我写了一个Python程序并对它进行了Cythonize。Cython(30%)的加速效果并不令人满意。当然可以通过改变代码结构或代码的方式来优化它。任何帮助都将不胜感激。 程序基本上是采用数字高程模型(DEM)栅格图和同一形状的过量水地图。对于多余水图中的每个像素,它搜索四个相邻像素,并确定该像素是否低于周围的相邻像素,是否具有相同的级别或高于它们。基于此,它会增加像素处的水位,或者将多余的水分配给海拔较低的邻居。这个密码一直持续到所有多余的水都散落在地上。这是Cython版本的代码。在
import numpy as np
cimport numpy as np
cdef unravel(np.ndarray[np.int_t, ndim = 1] idx,int shape0, int shape1):
return idx//shape0, idx%shape1
cdef find_lower_neighbours(int i, int j, np.ndarray[np.double_t, ndim=2] water_level, double friction_head_loss):
cdef double current_water_el, minlevels, deltav_total, deltav_min
current_water_el = water_level[i,j]
cdef np.ndarray[np.double_t, ndim = 1] levels = np.zeros(4, dtype = np.double)
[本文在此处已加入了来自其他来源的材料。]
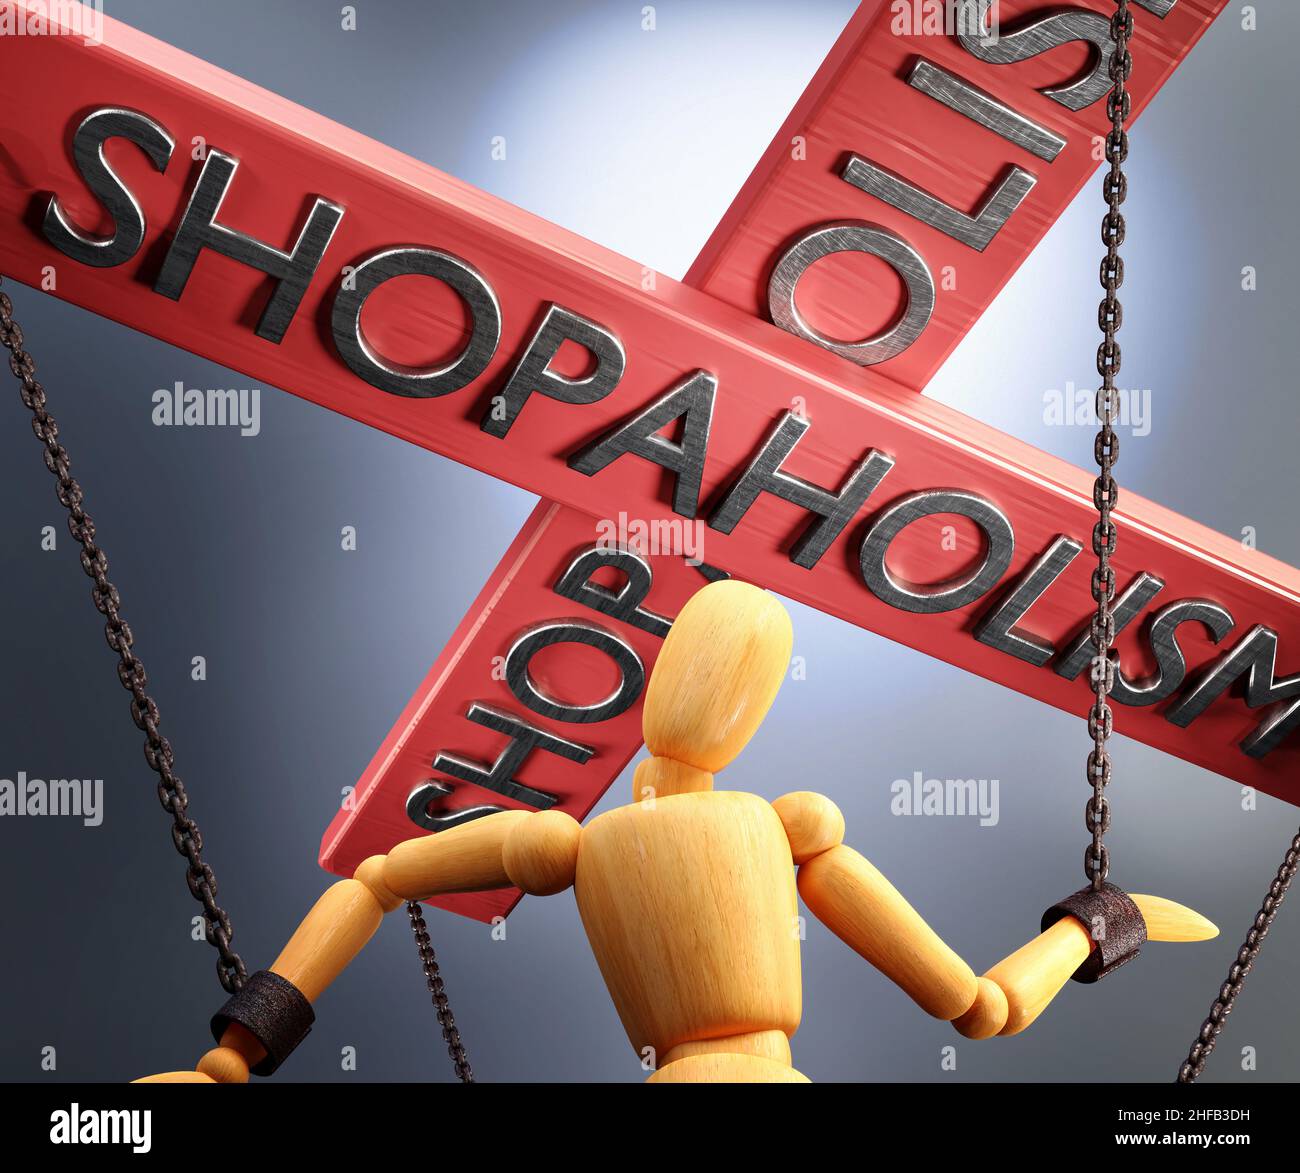 Controllo, potere, influenza e manipolazione dello Shopaholism simbolizzati dalla barra di controllo con la parola Shopaholism che tira le corde (catene) di un pupazzo di legno Foto Stock

levels[:] = water_level[i - 1, j], water_level[i, j + 1], water_level[i + 1, j], water_level[i, j - 1]
minlevels = levels.min()
if current_water_el - minlevels < 0:
return 0, minlevels, 0
elif np.absolute(current_water_el - minlevels) < 0.0001:
res = np.where(np.absolute(levels - current_water_el) < 0.0001)
return 1, res[0], 0
else:
levels = current_water_el - levels
low_values_flags = levels < 0
levels[low_values_flags] = 0
deltav_total = np.sum(levels)
deltav_min = levels[levels > 0].min()
return 2, levels / (deltav_total + deltav_min), deltav_min / (deltav_total + deltav_min)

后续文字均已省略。